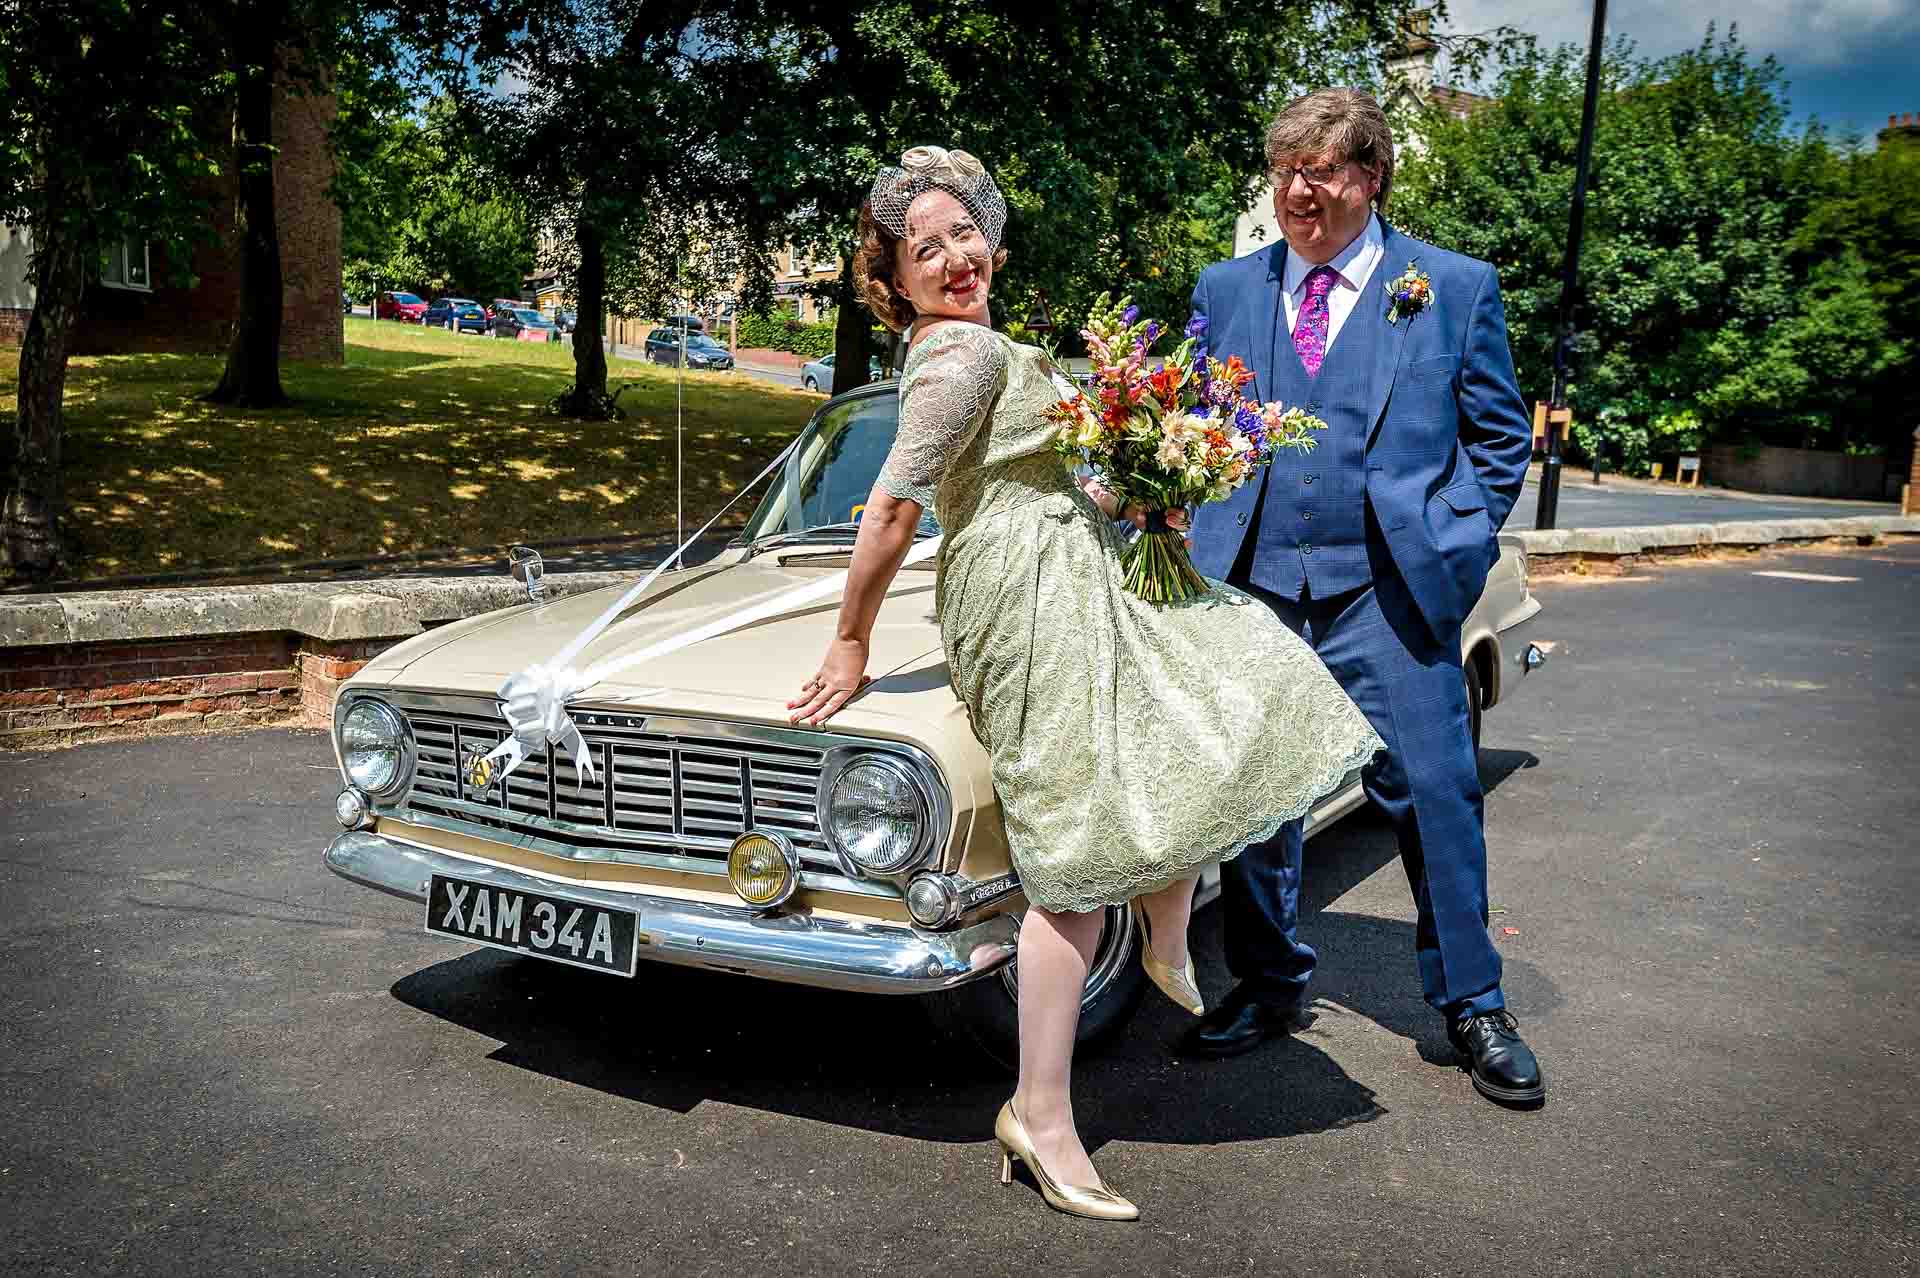 Bride leaning on bonnet of vintage Vauxhall with father watching
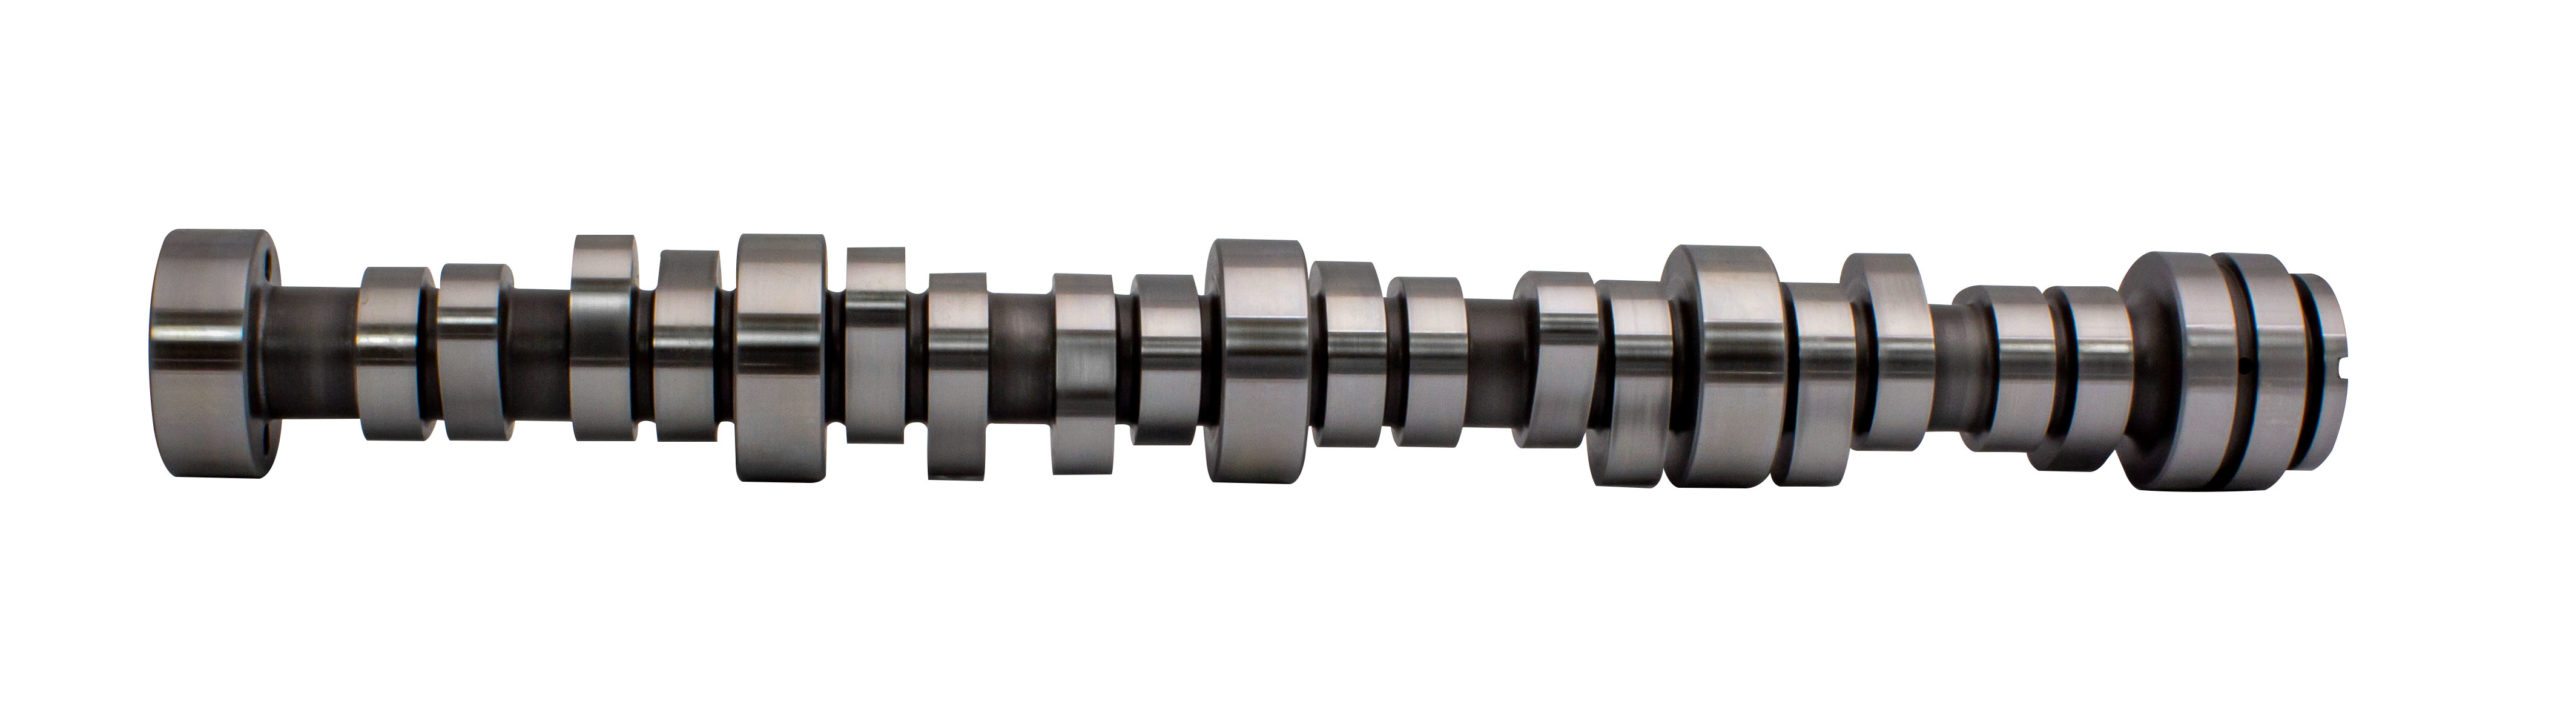 Finish Ground Camshafts and Cores Image
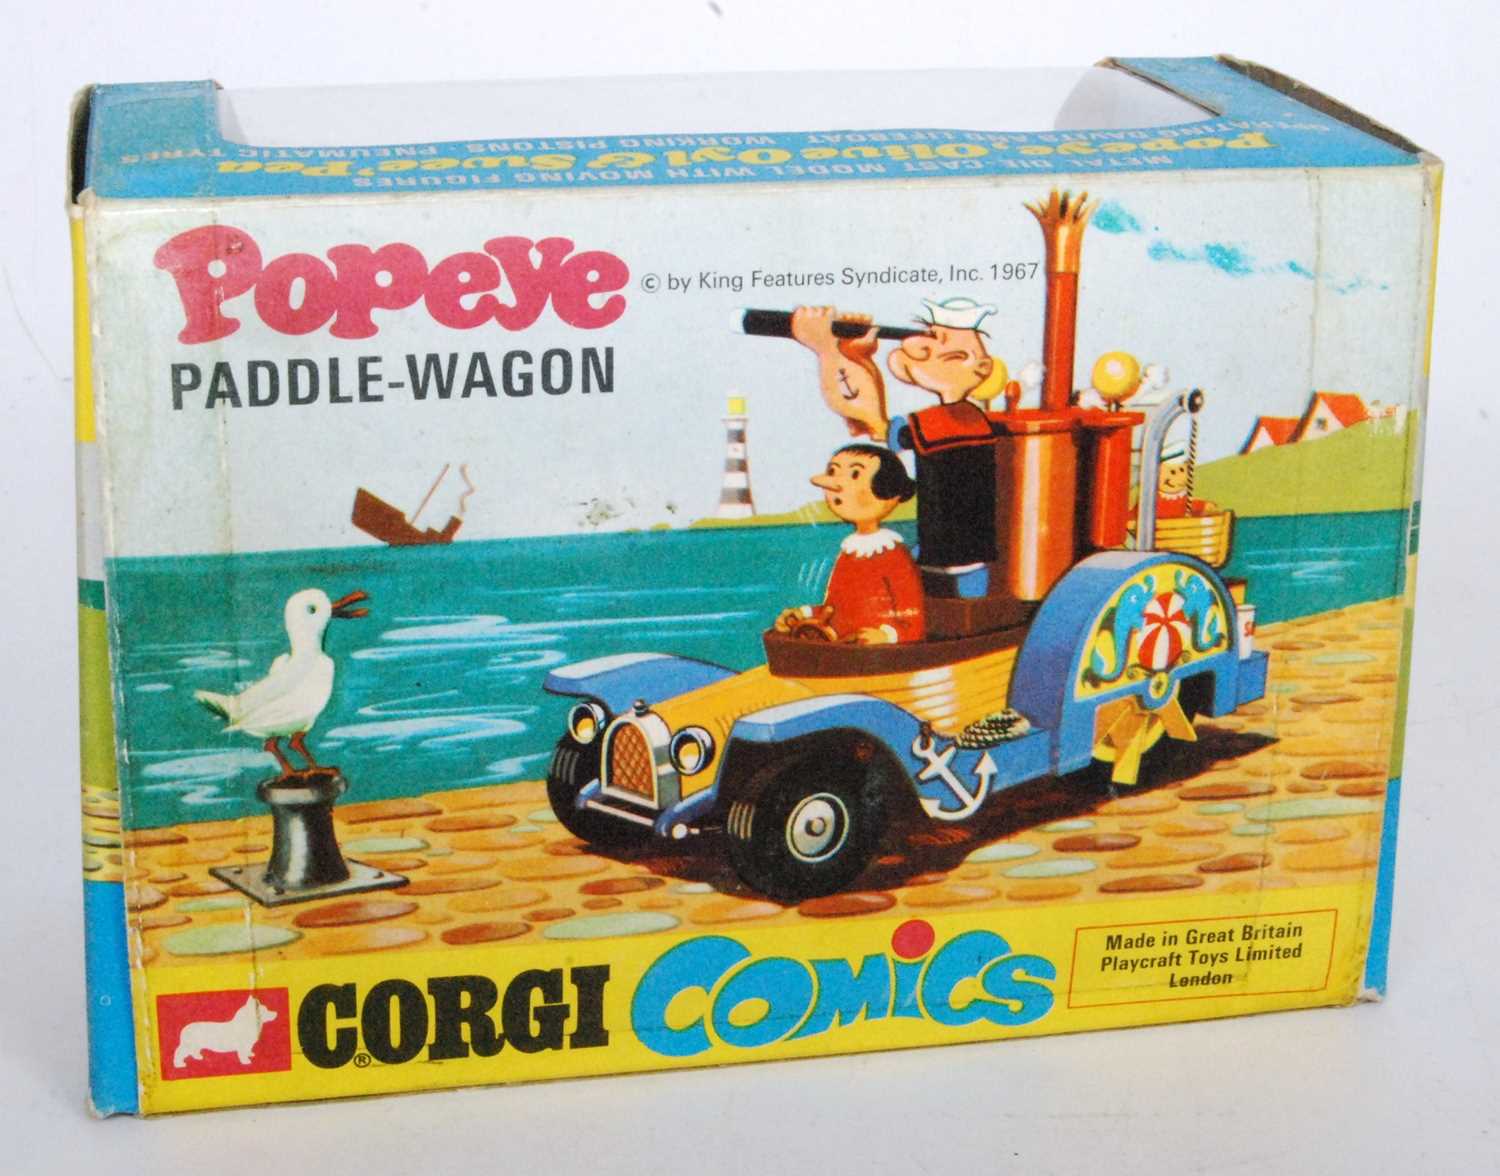 A Corgi Toys No. 802 Popeye's Paddle Wagon, finished in yellow with red chassis, white upper body - Image 3 of 3

### [Your assignment]
Since the pictures are not wanted, repeat only the rest of the material, exactly as given.

### [Response to this task]
 Bride leaning on bonnet of vintage Vauxhall with father watching
 Finish Ground Camshafts and Cores Image
 A Corgi Toys No. 802 Popeye's Paddle Wagon, finished in yellow with red chassis, white upper body - Image 3 of 3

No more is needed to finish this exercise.